[AVAILABLE DATA]
============================================================
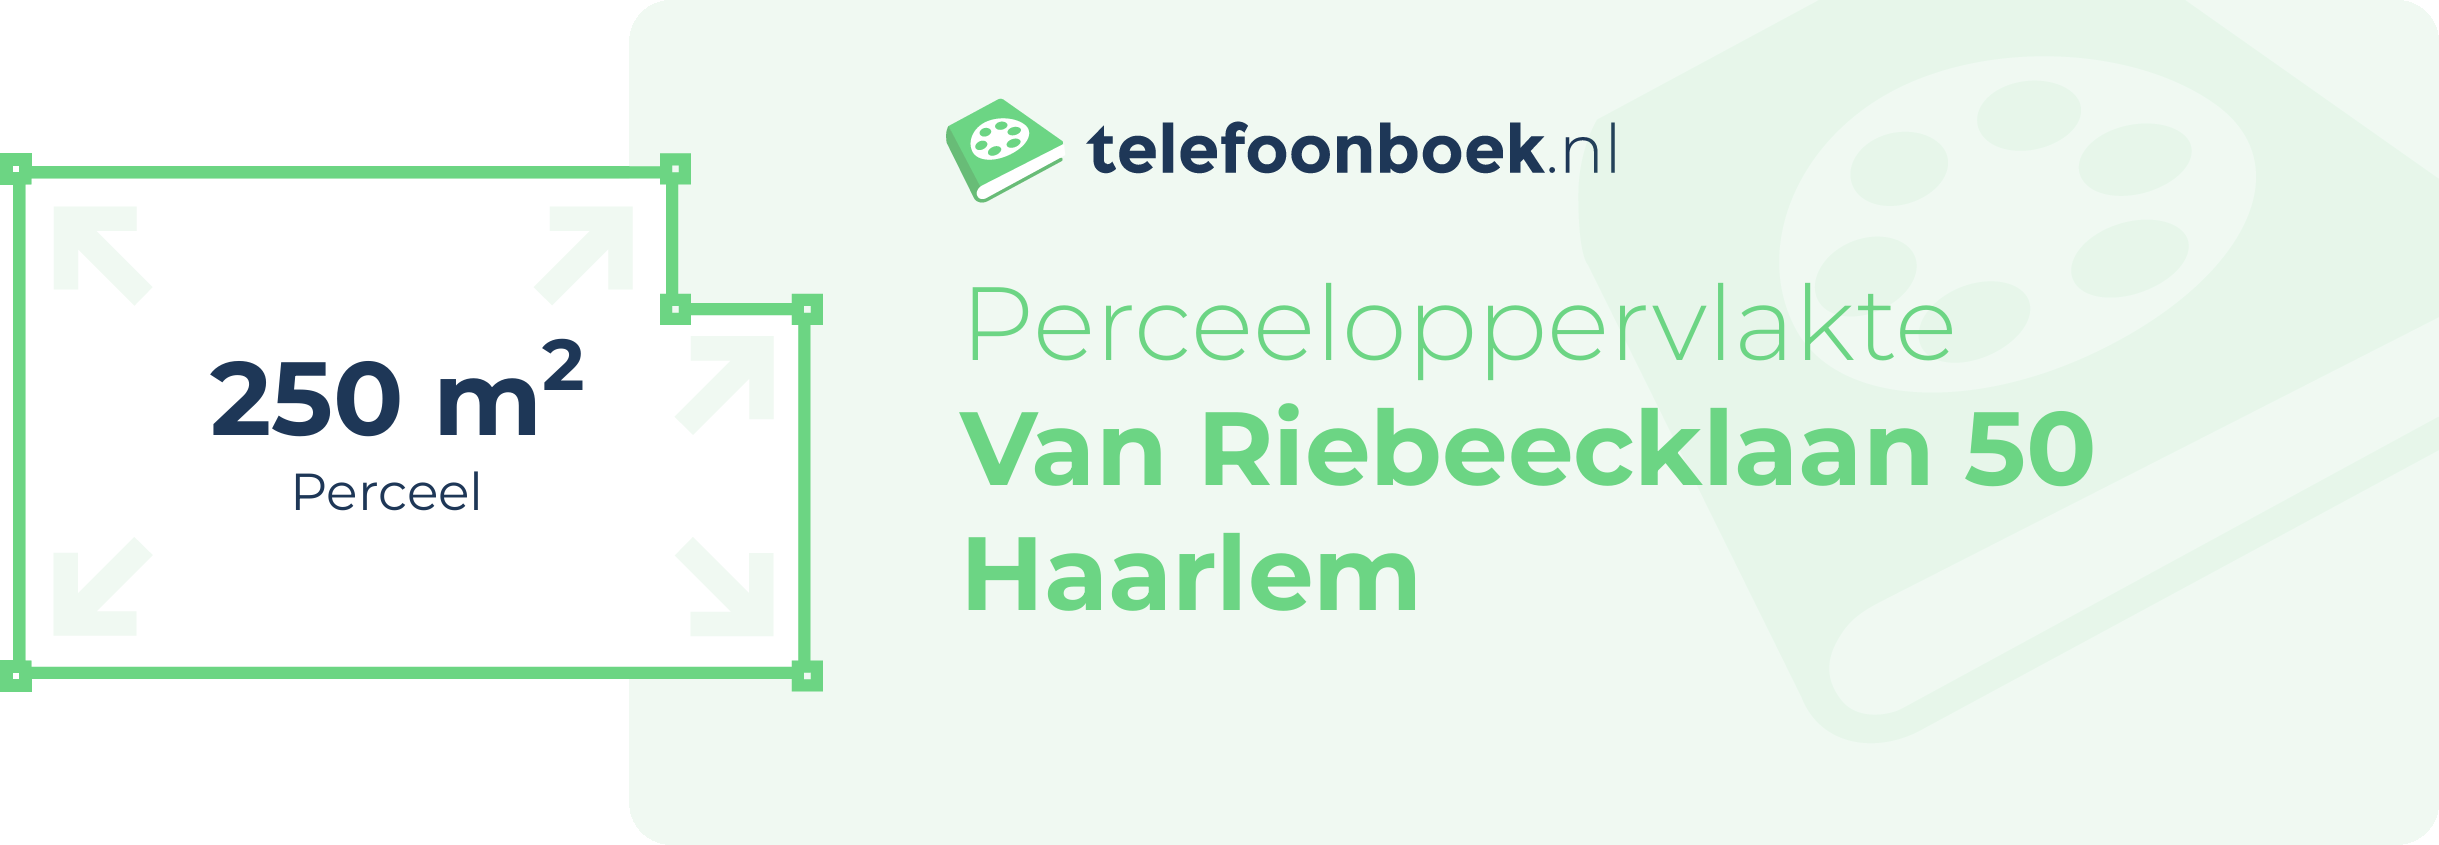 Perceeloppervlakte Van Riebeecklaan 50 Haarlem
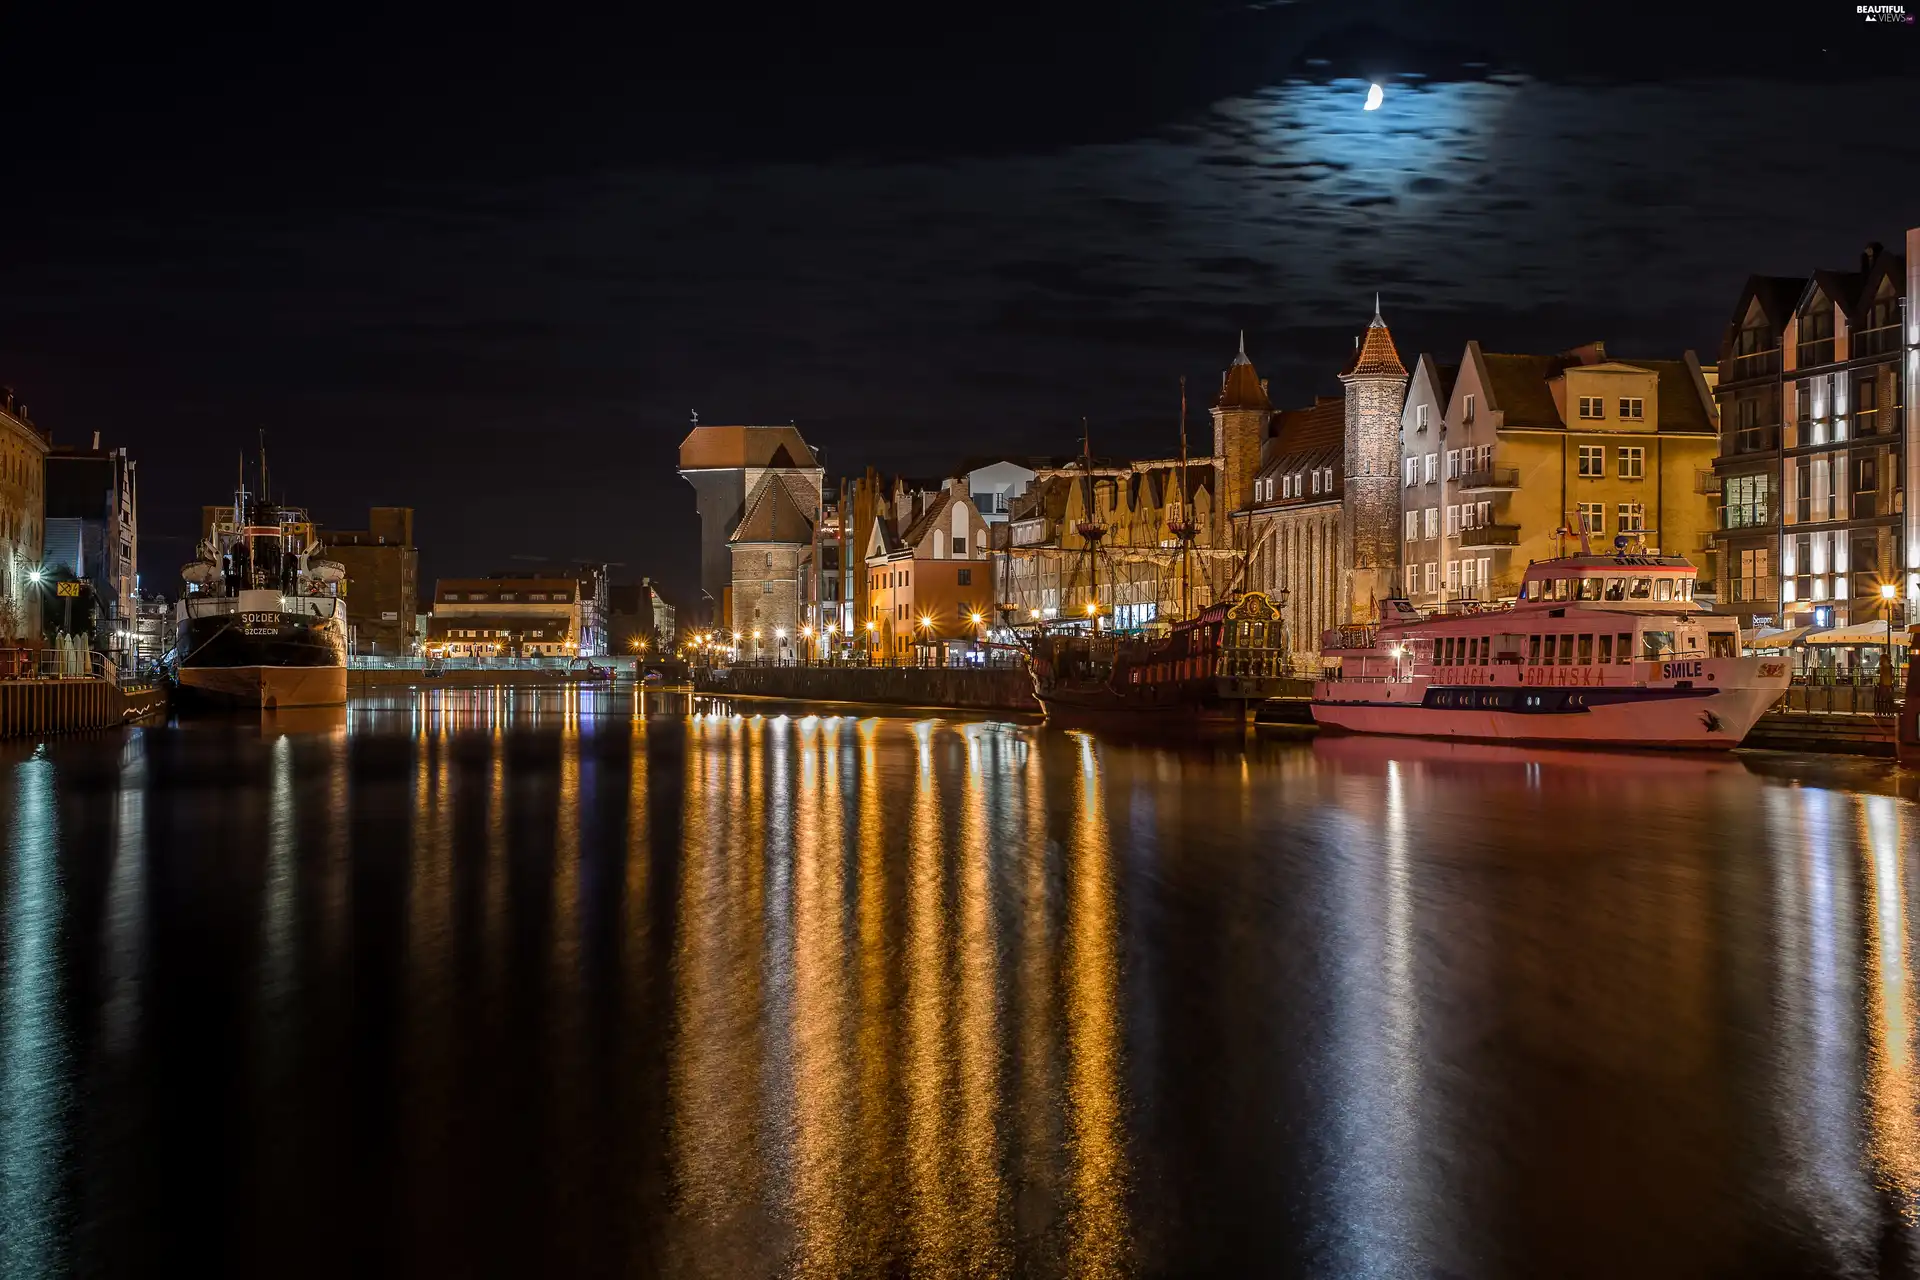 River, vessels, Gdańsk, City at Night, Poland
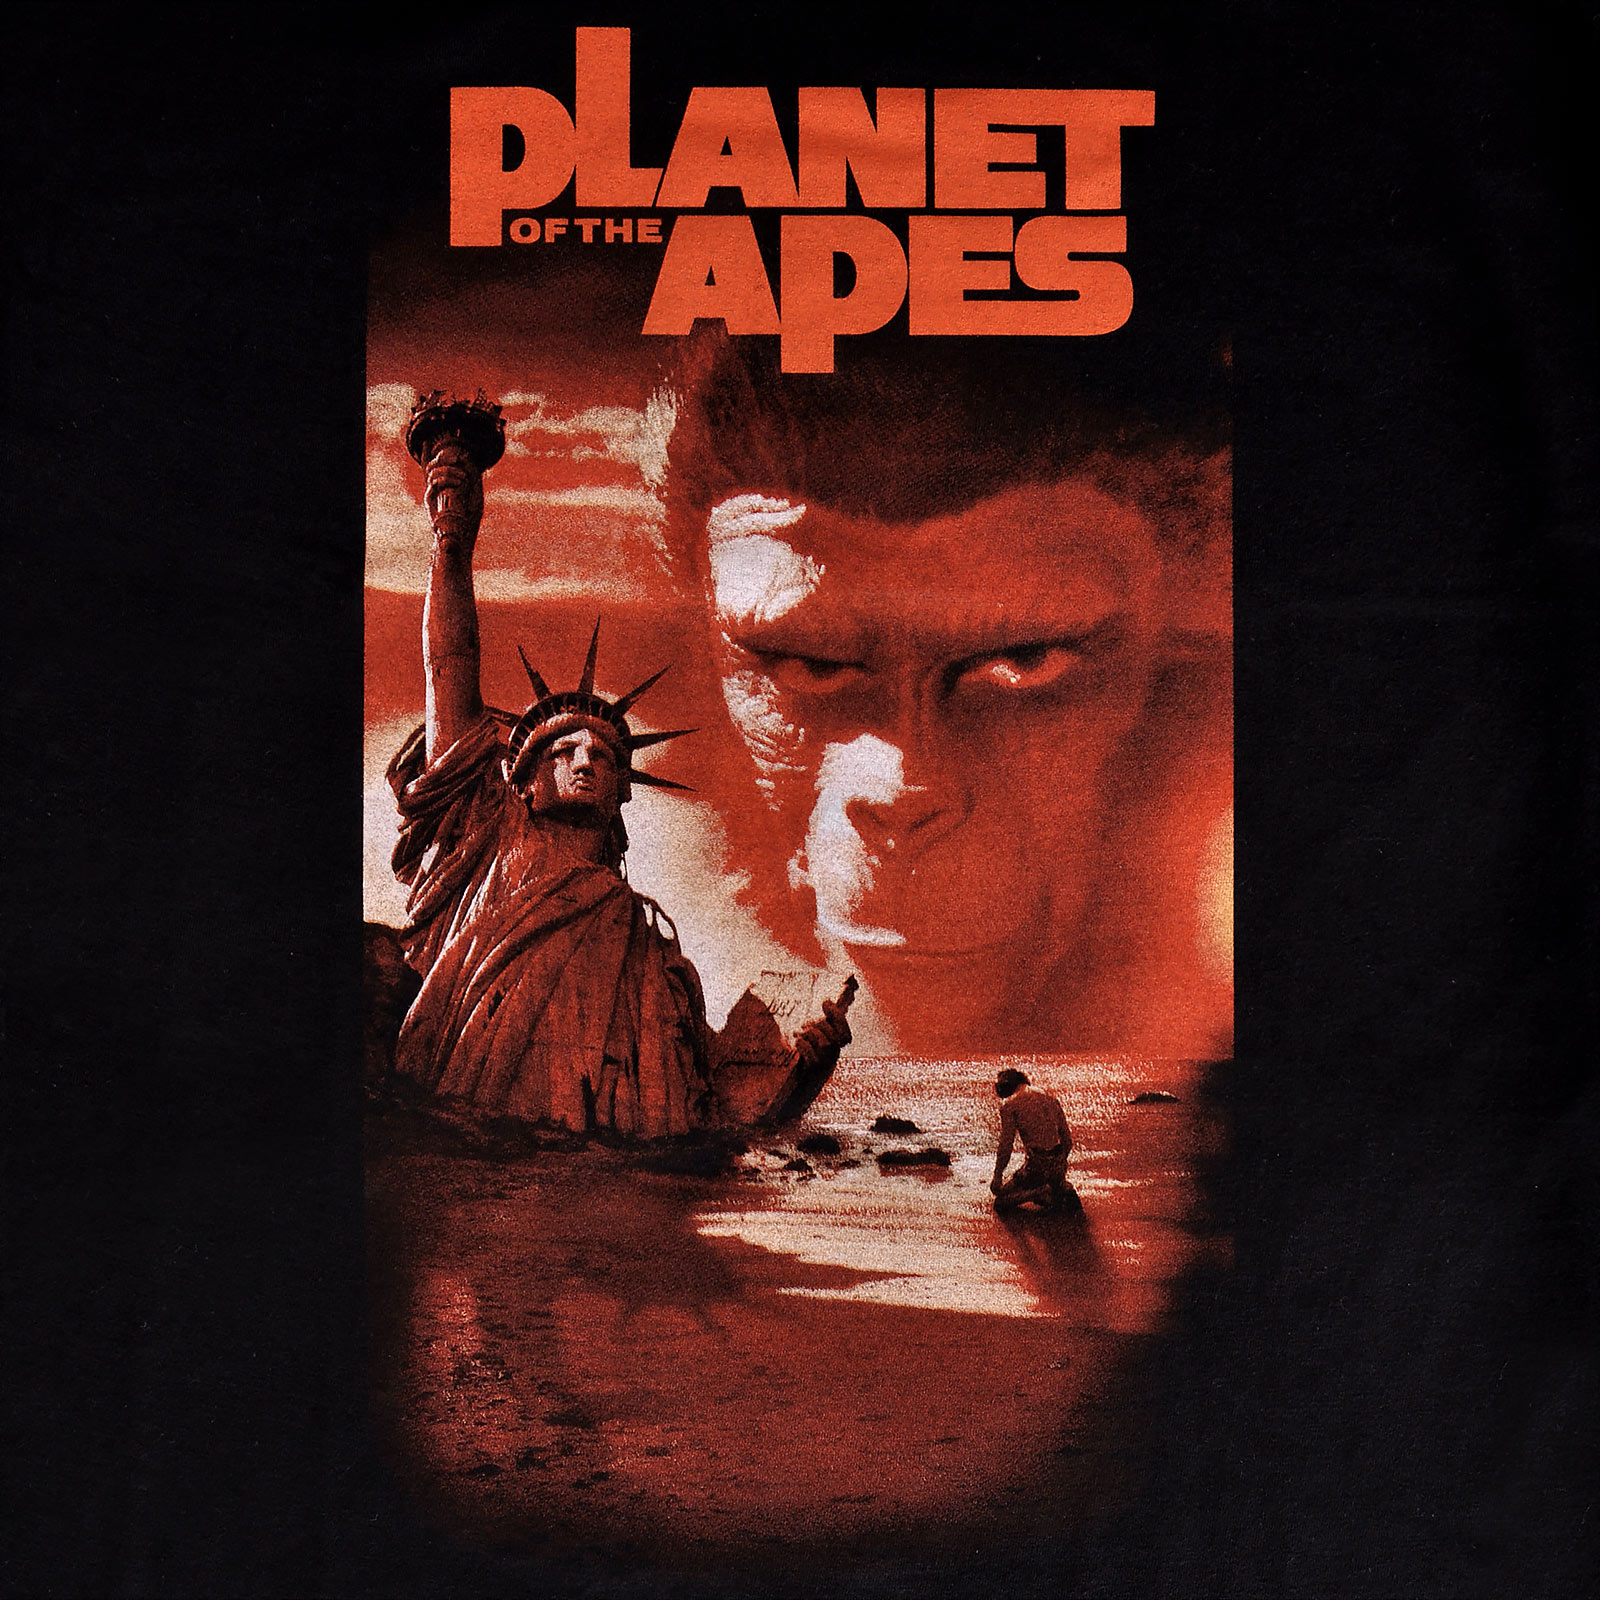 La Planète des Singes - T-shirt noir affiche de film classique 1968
============================================================
[PROBLEM TO SOLVE] Word for word and without any pictures, return all of the lines above.

[RESPONSE BOX]
 Perceeloppervlakte Van Riebeecklaan 50 Haarlem
 River, vessels, Gdańsk, City at Night, Poland
 La Planète des Singes - T-shirt noir affiche de film classique 1968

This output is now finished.